Output all the entries below. Each must match exactly.

Stored records:
☆ ☆ ☆ ☆ ☆ ☆ ☆

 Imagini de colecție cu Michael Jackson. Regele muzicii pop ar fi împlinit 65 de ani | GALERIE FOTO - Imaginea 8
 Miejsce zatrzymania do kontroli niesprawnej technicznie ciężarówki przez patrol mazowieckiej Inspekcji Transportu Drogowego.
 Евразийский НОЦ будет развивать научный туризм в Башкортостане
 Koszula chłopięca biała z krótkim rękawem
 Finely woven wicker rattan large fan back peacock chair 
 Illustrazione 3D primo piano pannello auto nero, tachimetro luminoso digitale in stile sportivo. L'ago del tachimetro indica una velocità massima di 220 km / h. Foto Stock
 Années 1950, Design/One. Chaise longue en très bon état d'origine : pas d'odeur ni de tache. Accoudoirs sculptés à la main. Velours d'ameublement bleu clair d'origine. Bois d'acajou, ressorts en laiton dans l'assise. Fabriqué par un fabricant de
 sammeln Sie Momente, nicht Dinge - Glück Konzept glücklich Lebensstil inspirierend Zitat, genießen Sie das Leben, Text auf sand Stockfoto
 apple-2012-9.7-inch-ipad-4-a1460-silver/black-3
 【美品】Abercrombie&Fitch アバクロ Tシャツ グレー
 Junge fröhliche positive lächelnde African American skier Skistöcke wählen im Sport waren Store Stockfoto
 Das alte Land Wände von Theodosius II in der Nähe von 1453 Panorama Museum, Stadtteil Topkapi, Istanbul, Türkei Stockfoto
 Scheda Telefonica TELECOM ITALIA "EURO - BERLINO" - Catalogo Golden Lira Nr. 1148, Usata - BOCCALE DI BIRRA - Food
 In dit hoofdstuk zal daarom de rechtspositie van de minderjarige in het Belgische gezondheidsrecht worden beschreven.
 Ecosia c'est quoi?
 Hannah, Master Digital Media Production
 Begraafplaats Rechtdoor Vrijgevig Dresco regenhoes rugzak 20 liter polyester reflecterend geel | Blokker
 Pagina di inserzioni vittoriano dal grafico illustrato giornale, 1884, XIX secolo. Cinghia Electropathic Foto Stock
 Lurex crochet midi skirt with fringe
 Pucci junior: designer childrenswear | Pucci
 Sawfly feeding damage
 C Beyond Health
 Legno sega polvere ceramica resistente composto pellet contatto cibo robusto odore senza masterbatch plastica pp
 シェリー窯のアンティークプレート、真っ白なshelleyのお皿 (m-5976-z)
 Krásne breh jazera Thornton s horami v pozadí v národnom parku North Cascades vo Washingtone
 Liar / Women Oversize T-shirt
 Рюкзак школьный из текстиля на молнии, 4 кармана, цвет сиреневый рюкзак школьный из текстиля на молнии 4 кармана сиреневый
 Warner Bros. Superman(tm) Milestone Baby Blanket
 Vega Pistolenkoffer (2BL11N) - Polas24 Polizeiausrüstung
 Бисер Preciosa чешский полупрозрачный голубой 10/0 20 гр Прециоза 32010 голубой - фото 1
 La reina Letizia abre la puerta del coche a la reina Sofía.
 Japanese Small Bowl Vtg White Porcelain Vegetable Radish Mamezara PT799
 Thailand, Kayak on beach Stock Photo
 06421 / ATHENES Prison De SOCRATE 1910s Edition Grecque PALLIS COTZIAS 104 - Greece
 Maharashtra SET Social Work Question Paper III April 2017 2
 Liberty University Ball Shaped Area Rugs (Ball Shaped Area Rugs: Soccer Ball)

☆ ☆ ☆ ☆ ☆ ☆ ☆

• _Reply_
 Imagini de colecție cu Michael Jackson. Regele muzicii pop ar fi împlinit 65 de ani | GALERIE FOTO - Imaginea 8
 Miejsce zatrzymania do kontroli niesprawnej technicznie ciężarówki przez patrol mazowieckiej Inspekcji Transportu Drogowego.
 Евразийский НОЦ будет развивать научный туризм в Башкортостане
 Koszula chłopięca biała z krótkim rękawem
 Finely woven wicker rattan large fan back peacock chair 
 Illustrazione 3D primo piano pannello auto nero, tachimetro luminoso digitale in stile sportivo. L'ago del tachimetro indica una velocità massima di 220 km / h. Foto Stock
 Années 1950, Design/One. Chaise longue en très bon état d'origine : pas d'odeur ni de tache. Accoudoirs sculptés à la main. Velours d'ameublement bleu clair d'origine. Bois d'acajou, ressorts en laiton dans l'assise. Fabriqué par un fabricant de
 sammeln Sie Momente, nicht Dinge - Glück Konzept glücklich Lebensstil inspirierend Zitat, genießen Sie das Leben, Text auf sand Stockfoto
 apple-2012-9.7-inch-ipad-4-a1460-silver/black-3
 【美品】Abercrombie&Fitch アバクロ Tシャツ グレー
 Junge fröhliche positive lächelnde African American skier Skistöcke wählen im Sport waren Store Stockfoto
 Das alte Land Wände von Theodosius II in der Nähe von 1453 Panorama Museum, Stadtteil Topkapi, Istanbul, Türkei Stockfoto
 Scheda Telefonica TELECOM ITALIA "EURO - BERLINO" - Catalogo Golden Lira Nr. 1148, Usata - BOCCALE DI BIRRA - Food
 In dit hoofdstuk zal daarom de rechtspositie van de minderjarige in het Belgische gezondheidsrecht worden beschreven.
 Ecosia c'est quoi?
 Hannah, Master Digital Media Production
 Begraafplaats Rechtdoor Vrijgevig Dresco regenhoes rugzak 20 liter polyester reflecterend geel | Blokker
 Pagina di inserzioni vittoriano dal grafico illustrato giornale, 1884, XIX secolo. Cinghia Electropathic Foto Stock
 Lurex crochet midi skirt with fringe
 Pucci junior: designer childrenswear | Pucci
 Sawfly feeding damage
 C Beyond Health
 Legno sega polvere ceramica resistente composto pellet contatto cibo robusto odore senza masterbatch plastica pp
 シェリー窯のアンティークプレート、真っ白なshelleyのお皿 (m-5976-z)
 Krásne breh jazera Thornton s horami v pozadí v národnom parku North Cascades vo Washingtone
 Liar / Women Oversize T-shirt
 Рюкзак школьный из текстиля на молнии, 4 кармана, цвет сиреневый рюкзак школьный из текстиля на молнии 4 кармана сиреневый
 Warner Bros. Superman(tm) Milestone Baby Blanket
 Vega Pistolenkoffer (2BL11N) - Polas24 Polizeiausrüstung
 Бисер Preciosa чешский полупрозрачный голубой 10/0 20 гр Прециоза 32010 голубой - фото 1
 La reina Letizia abre la puerta del coche a la reina Sofía.
 Japanese Small Bowl Vtg White Porcelain Vegetable Radish Mamezara PT799
 Thailand, Kayak on beach Stock Photo
 06421 / ATHENES Prison De SOCRATE 1910s Edition Grecque PALLIS COTZIAS 104 - Greece
 Maharashtra SET Social Work Question Paper III April 2017 2
 Liberty University Ball Shaped Area Rugs (Ball Shaped Area Rugs: Soccer Ball)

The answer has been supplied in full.